We'll probably have to agree to disagree.. but that blog post doesn't really resonate for me... especially the end where it talks about keep it to your "own language." I've never had patience for identity politics especially in the case of a god-damn programming language.
> It's ironic that you rail against this dude for "code that's hard to understand"
I'm sure that it was a joke, and that doesn't make it better. I'm not suggesting that this code was hard to understand, and I enjoyed the article. I'm calling out this particular point, and suggesting that even as a joke, mocking "frontend developers" is very much from the same territory that promotes "Real Programming" and mocks people for their choice of programming language or technology.

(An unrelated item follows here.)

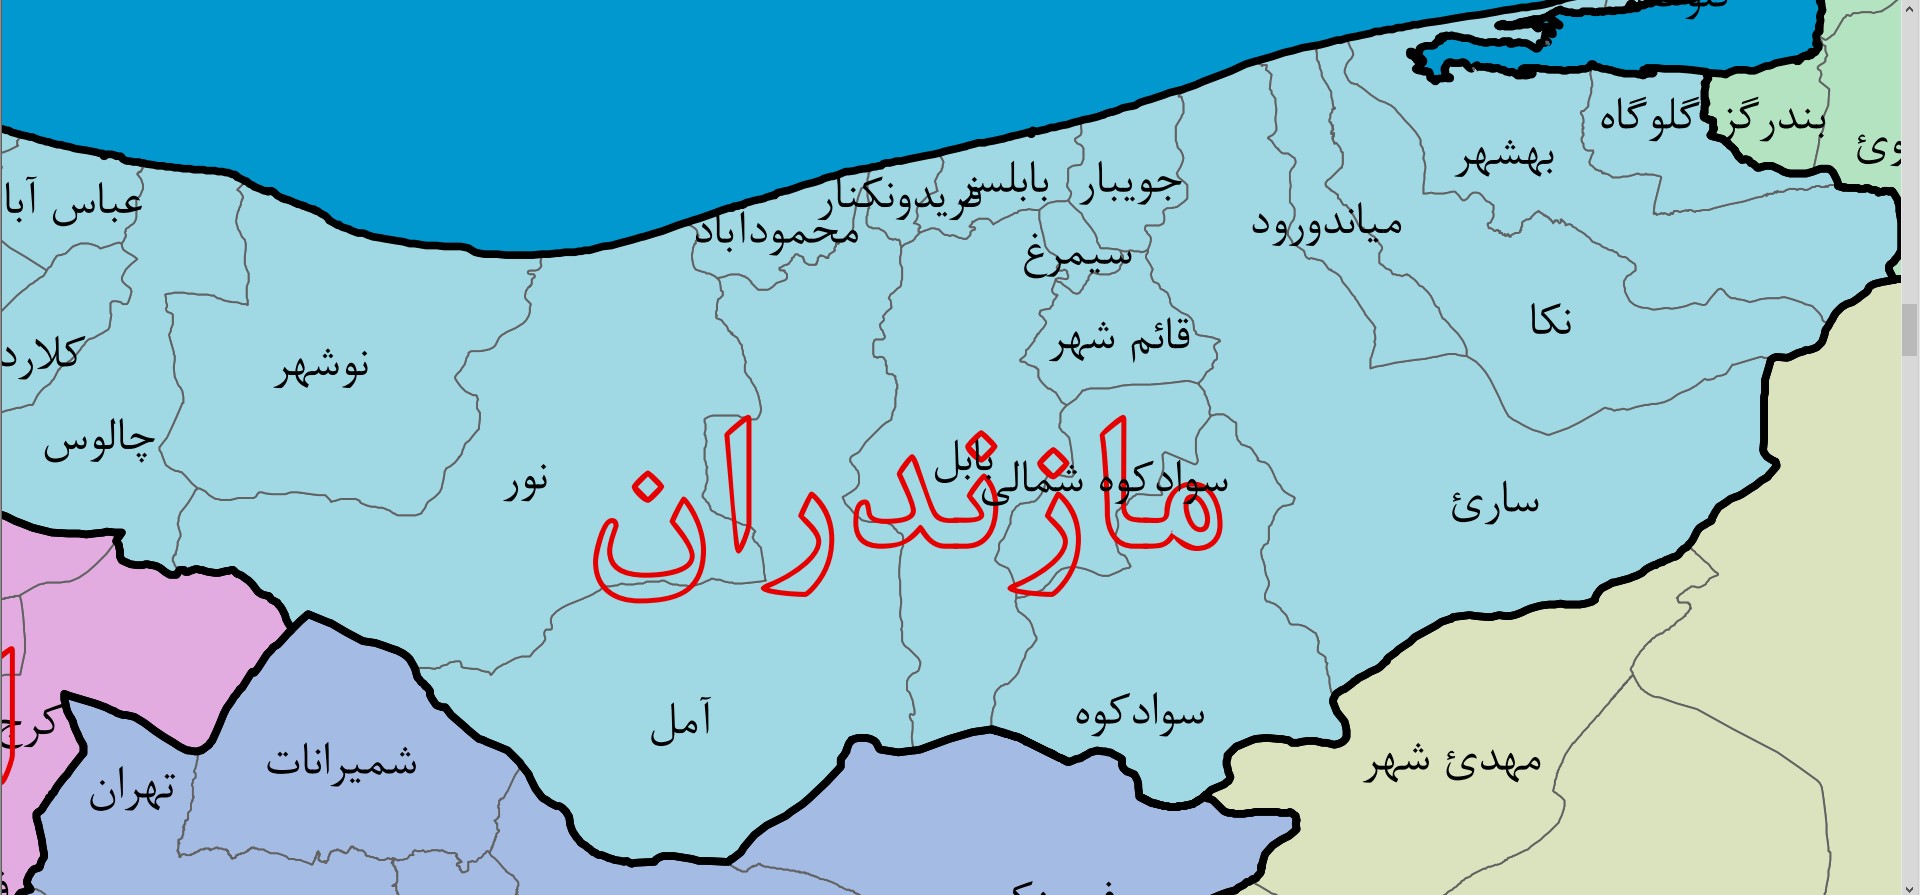 نقشه PDF ایران به تفکیک استان ها و شهرستان ها با زوم نامحدود

I mean it is pretty true that most frontend developers do not have the inclination to go trodding into a C++ code base making syscalls without a wrapper. Even taken uncharitably seriously, that is all the comment was insinuating. Everything else is added by you the reader.
And anyway I'm fine with exclusively frontend devs staying out of systems stuff. Anyone that wants to read OS kernel and compiler source code has tons of choices. Most I've talked to find it dry and boring. They don't belong there... that's fine.
Where are the outrage pitchforks? The comment was extremely calm. Why is any mild, polite criticism or disagreement perceived as "railing against the author"??
Pick your pivot element and partition the strings into <, =, and > based on the first character only. Note this differs from classic quicksort in that we're maintaining three regions, not two. Now recurse for all three regions, except for the = region you look at the second character only. etc.
It's probably a loss for filenames which tend to be short, but for long strings this is a very easy to implement speedup. There's lots more optimizations possible with this technique, e.g. counting-sort style bucketing.